Righteous Among the Nations, diplomat

Manuel Muñoz Borrero (4 February 1891 – 5 October 1976) was an Ecuadorian diplomat who issued some 100 Ecuadorian passports to save Jews during the Holocaust. He is the only Ecuadorian to be recognized by Yad Vashem as a Righteous among the Nations.

==Biography==
Manuel Muñoz Borrero was born in Cuenca, Ecuador in 1891. In 1931, he began working as a consul in Stockholm, Sweden. After Nazi Germany had invaded most of Europe by 1941, Muñoz Borrero issued around 80 passports to Poles, many of them Jewish. By a presidential decree, the Ecuadorian government relieved him of his duties in January 1942; however, the diplomatic seals and archives remained in Muñoz Borrero's possession, as the Swedish authorities did not confiscate them as requested by the Ecuadorian government. Despite being terminated, Muñoz Borrero continued to issue passports to Jews in occupied Europe.

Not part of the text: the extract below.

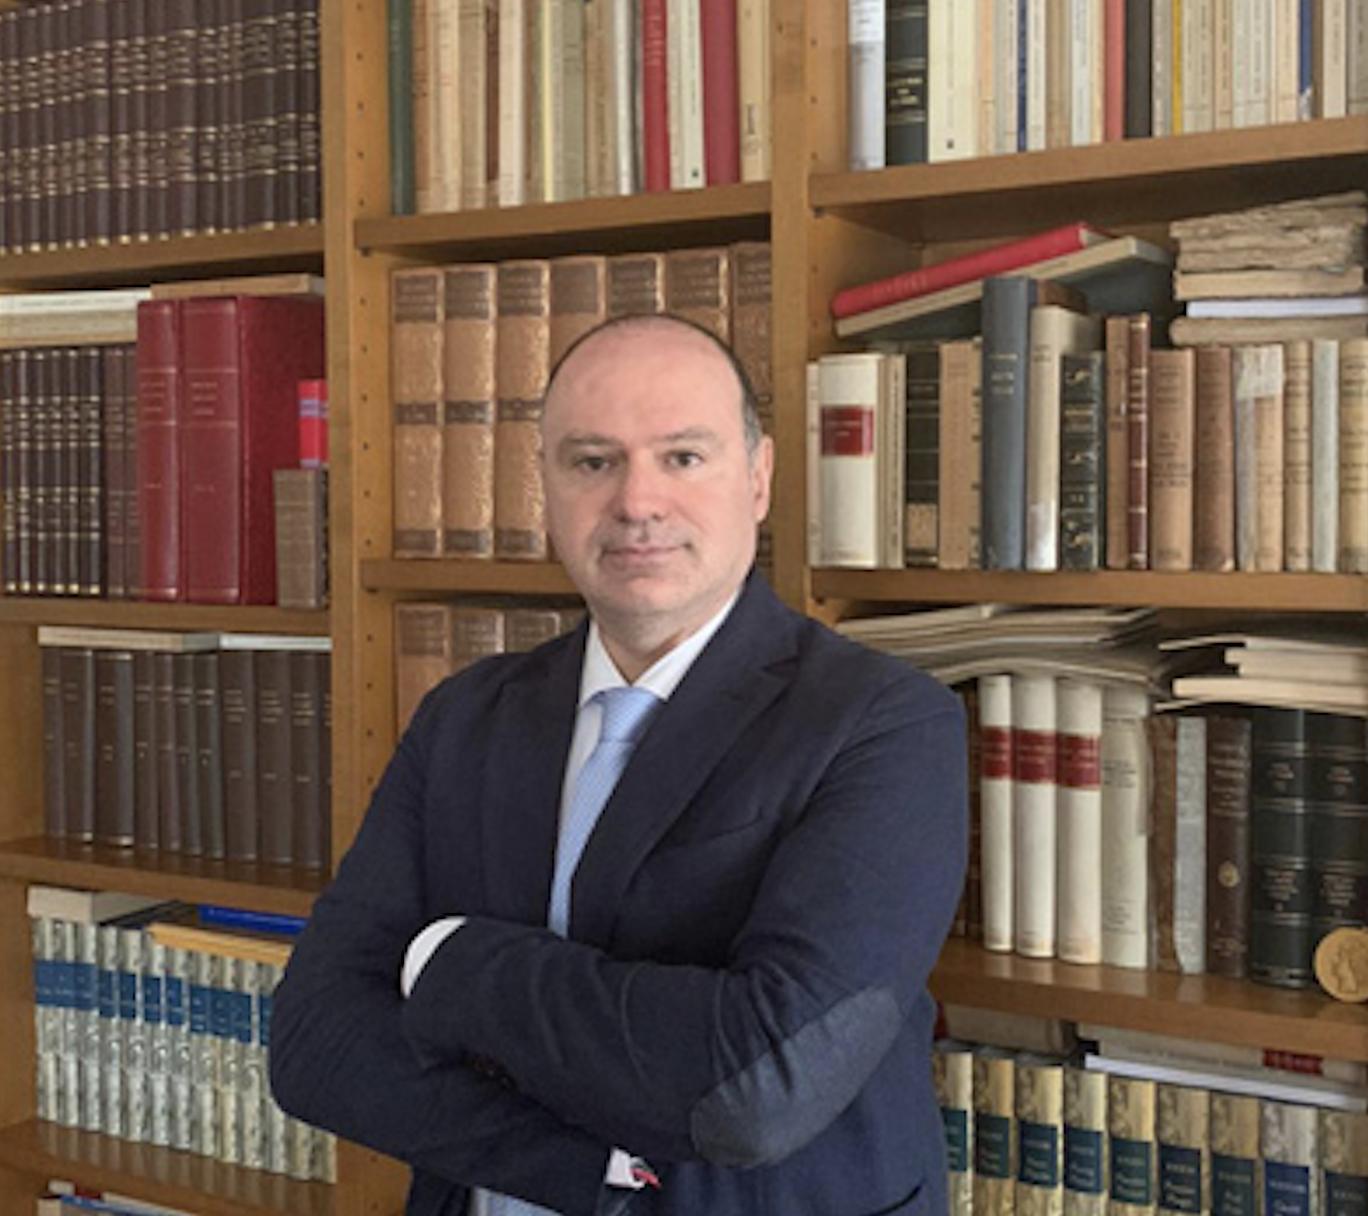 francesco mazza, ufficio stampa studio legale meplaw

Research by historian Efraim Zadoff, drawing on the archive of Rabbi Abraham Israel Jacobson, an Orthodox rabbi active in Stockholm's Jewish community, indicates that the passport scheme was initiated and largely organized by a group of associates around Jacobson known as the "Jeschurun Group". In this account, Muñoz Borrero's role, while indispensable, was comparatively passive: he lent his consular authority and signature to documents whose recipients were identified and whose paperwork was prepared mainly by Jacobson and his associates, a practice that continued even after Muñoz Borrero's dismissal in 1942. Jacobson's family archive, now held at Yad Vashem, and a resulting biography are today considered a major source on the passport rescue project, which is estimated to have produced close to 300 such passports in total.

Some though not all who had received Ecuadorian passports managed to escape the Holocaust. One survivor, who credited her survival in Bergen-Belsen concentration camp due to being issued an Ecuadorian passport and later taking part in a prisoner exchange, wrote "I probably would not have survived if not for the passports issued by Mr. Manuel Muñoz Borrero. I am forever grateful to him." After the war, Muñoz Borrero's work remained relatively unknown, and he died in obscurity in 1976, having never been rehabilitated during his lifetime by the Ecuadorian government for his actions during World War II.

It took 34 years after the death of Manuel that Yad Vashem eventually recognized Muñoz Borrero as a Righteous Among the Nations on 28 February 2011. Seven years later in 2018, the Ecuadorian government posthumously restored Muñoz Borrero's credentials, made an official apology to the family of Muñoz Borrero's and acknowledged his work of saving of Jewish lives in World War II.